The response to treatment varies from one person to another. One medication may help one person but not another. One medication may cause unbearable side effects for one person while another may tolerate it very well. This is an area in medical science where we still have much to learn.

Trial and Error

Doctors have to rely on trial and error as they try to make educated guesses when choosing the best medication for each patient.

This trial and error method is used in most medical specialties. This is how doctors treat blood pressure, diabetes, asthma, and many other conditions. The key to the success of this process is effective and open communication among the doctor, the patient, and the family. Letting the doctor know which symptoms improve and which do not, and which side effects are troubling you and which are not, is the best way to help the doctor help you find the right medication and the right dose.

Knowing What and How to Prescribe

Prescribing antipsychotic drugs requires expertise. Ideally, it should be done by a psychiatrist or a physician who has received special training in these treatments.

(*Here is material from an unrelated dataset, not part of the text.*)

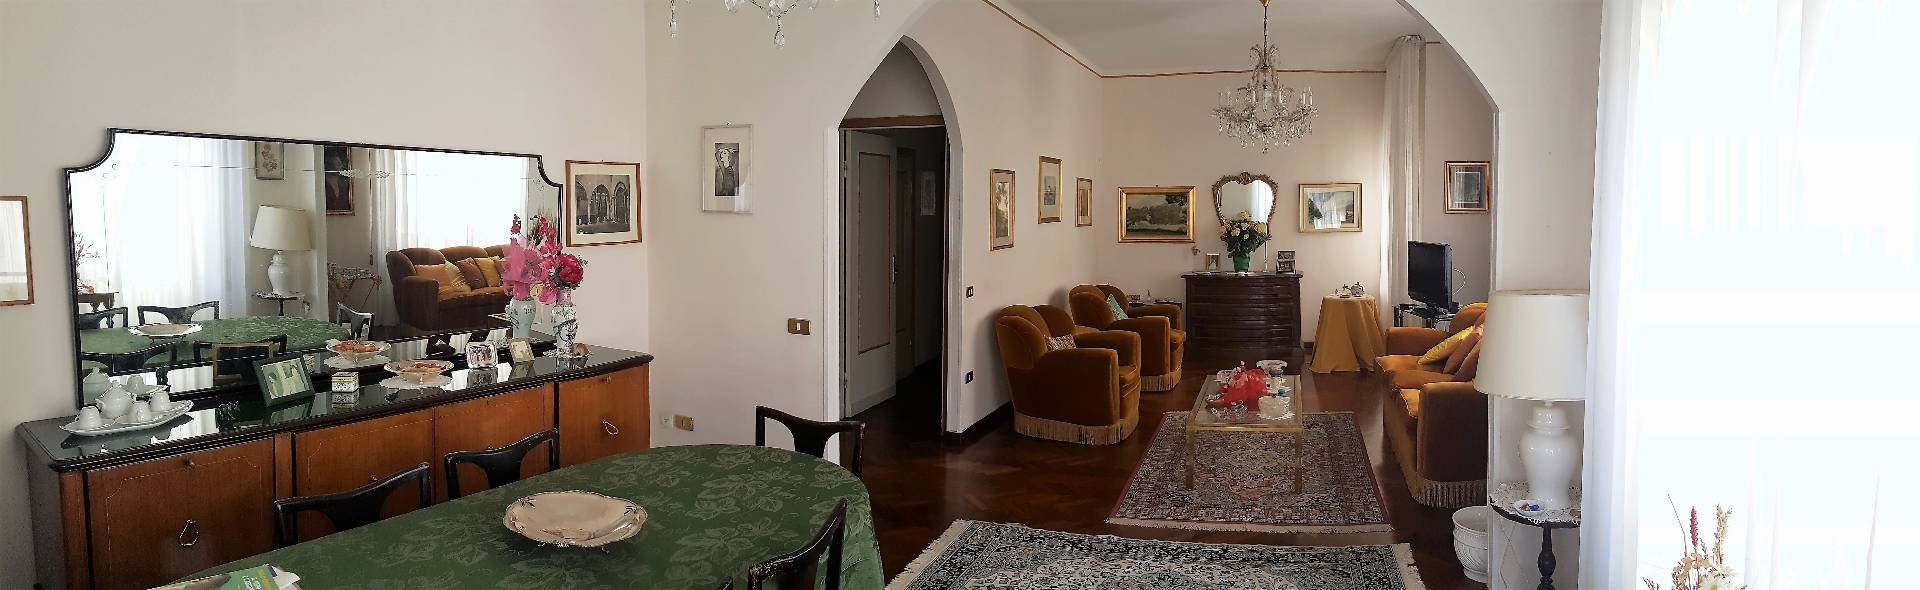 Appartamento in vendita a Ascoli Piceno, 6 locali, zona Località: CentroStorico, prezzo € 190.000 | Cambio Casa.it

It is not enough to know only the different medications and their characteristics; it is also necessary for the prescriber to have global medical knowledge about the body in general, about its different organs and their functions. This is because medications affect all parts of the body. After they do their job, most medications are broken down by the liver and other organs and are filtered out of the body by the kidneys. It is therefore essential for the prescriber to understand how the body's organs react to various medications, how other diseases and their treatments may change the treatment of schizophrenia, and how potential side effects of the drugs should be monitored, prevented, or minimized.

Essential

Initial doses of antipsychotic medications should be low and increased slowly until the target symptoms are suppressed. As little medication as possible should be prescribed. The dose should be just enough to avoid recurrences of psychotic symptoms while avoiding side effects, which should be monitored closely.

The prescriber must have up-to-date knowledge of conditions that may be associated with antipsychotic medications, such as diabetes, high blood pressure, and high cholesterol. Whoever takes the responsibility for prescribing these medications should follow certain minimum guidelines: Generally, only one medication should be used at a time, and its side effect profile should be carefully considered with regard to the person taking it.

Fact

In the last fifty years, dozens of effective antipsychotic drugs have been synthesized, studied, and introduced into clinical therapy. These medications remain vital components of most schizophrenia treatment plans. They continue to provide the majority of patients the opportunity to live better lives, something the patients once had little or no chance of achieving.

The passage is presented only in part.